Ariana | Blogger | X X

26.06.2019

Niezwykle ważna, choć nieidealna powieść dla młodzieży


Tytuł oryginału: The Hate U Give
Tytuł polski: The Hate U Give. Nienawiść, którą dajesz.
Autor: Angie Thomas
Tłumaczenie: Donata Olejnik 
Wydawnictwo: Papierowy Księżyc  

Starr żyje w rozdarciu pomiędzy dwoma światami — biedną dzielnicą, w której mieszka oraz luksusową szkołą, do której uczęszcza.

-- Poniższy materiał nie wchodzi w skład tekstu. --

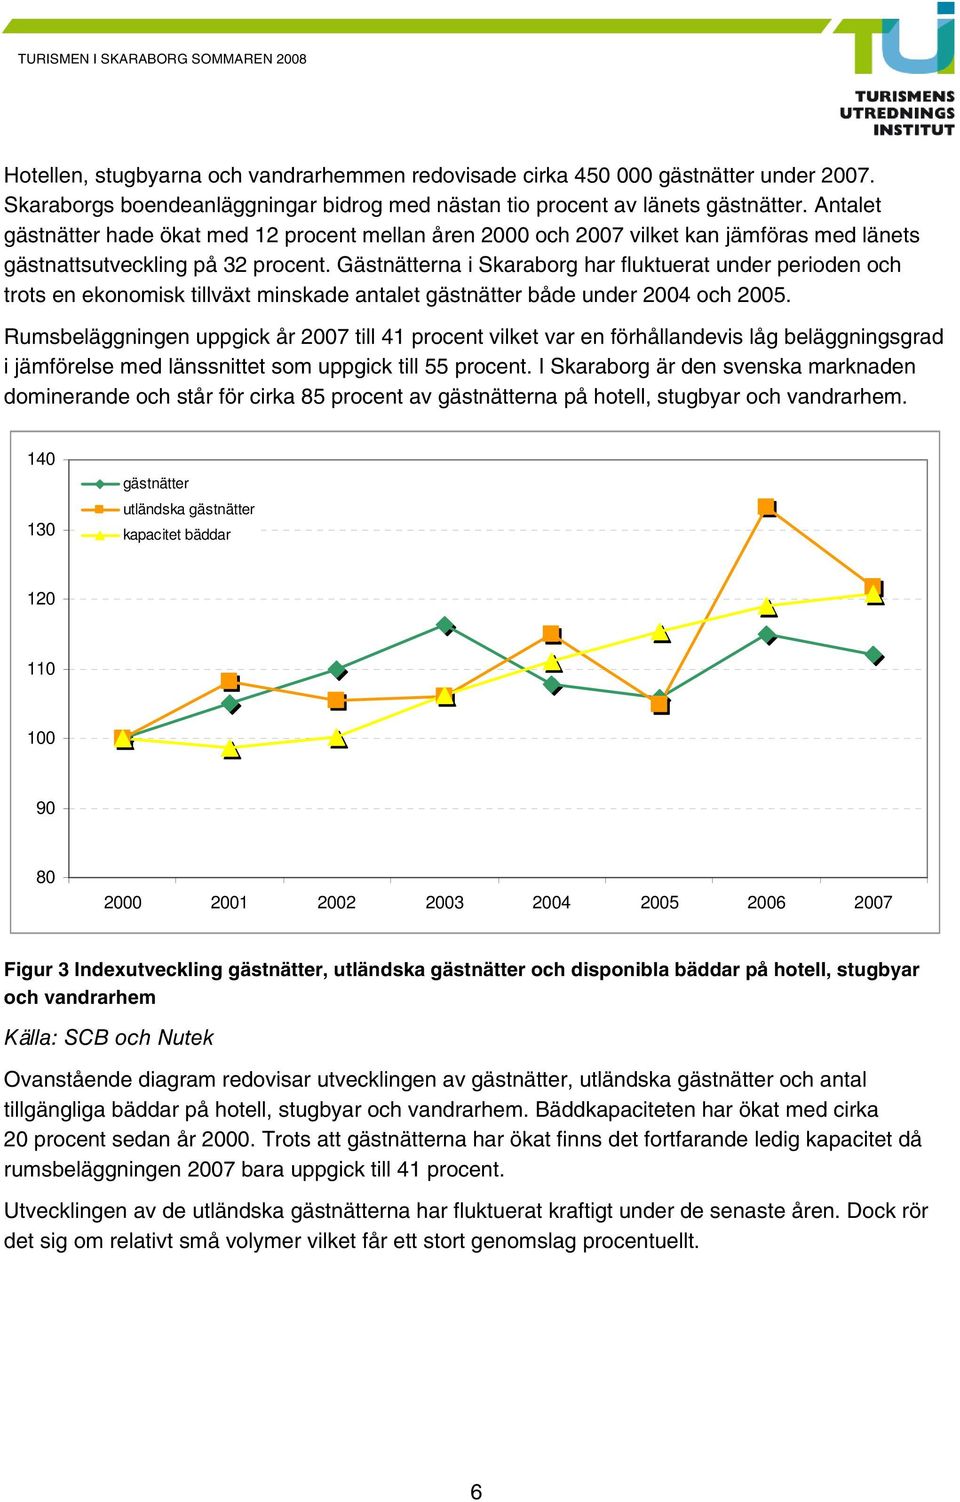 Gästnätterna i Skaraborg har fluktuerat under perioden och trots en ekonomisk tillväxt minskade antalet gästnätter både under 2004 och 2005.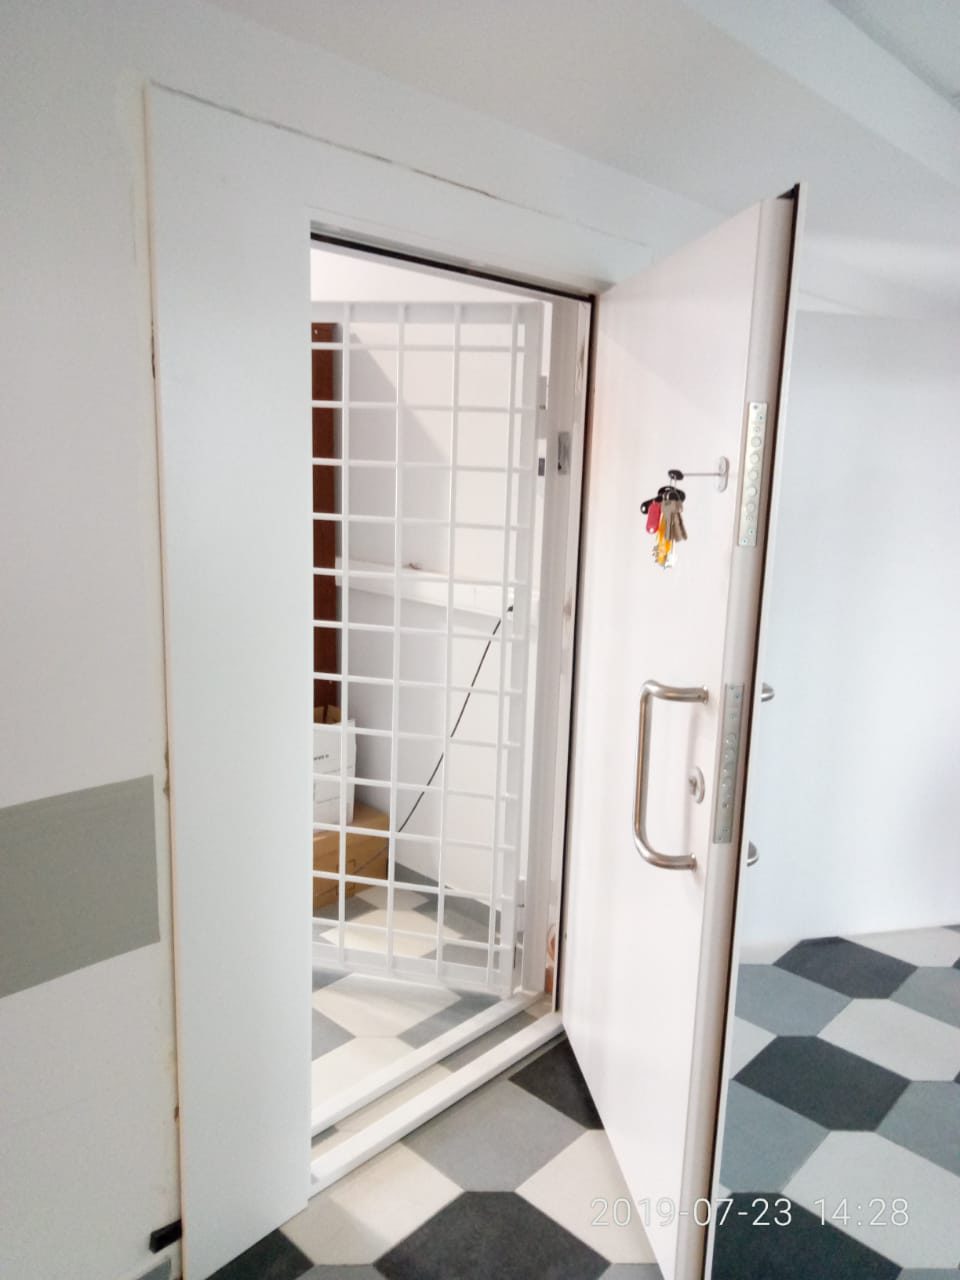 Двери и окна в кассы судов ООО "МТМ-ПРО"

Pewnej tragicznej nocy, dziewczyna jest świadkiem, jak jej przyjaciel zostanie zastrzelony przez policjanta i to wydarzenia obróci cały jej, ale nie tylko, świat do góry nogami.

Zapamiętaj: The Hate U Give Little Infants F... Everybody



&&&

Są takie tytuły, które chcemy przeczytać od pierwszej chwili, gdy o nich usłyszymy, ale nigdy nie mamy czasu, by się za to zabrać. Są takie pozycje, które stojąc na naszych regułach, krzyczą wyjątkowo głośno, by je przeczytać, teraz, zaraz natychmiast. Jedną z takich książek było dla mnie The Hate U Give, po które bardzo chciałam sięgnąć, odkąd tylko poznałam zarys jej fabuł, lecz nie potrafiłam odnaleźć ku temu odpowiedniego momentu. Aż pewnego słonecznego popołudnia, czysto spontanicznie, ściągnęłam wspomnianą powieść z regału i po prostu zaczęłam czytać, z myślą, że zaczynam niebywale dobrą lekturę…

Trzymaj ręce tak, żeby były widoczne. Nie wykonuj żadnych gwałtownych ruchów. Odzywaj się tylko wtedy, kiedy cię o coś zapytają.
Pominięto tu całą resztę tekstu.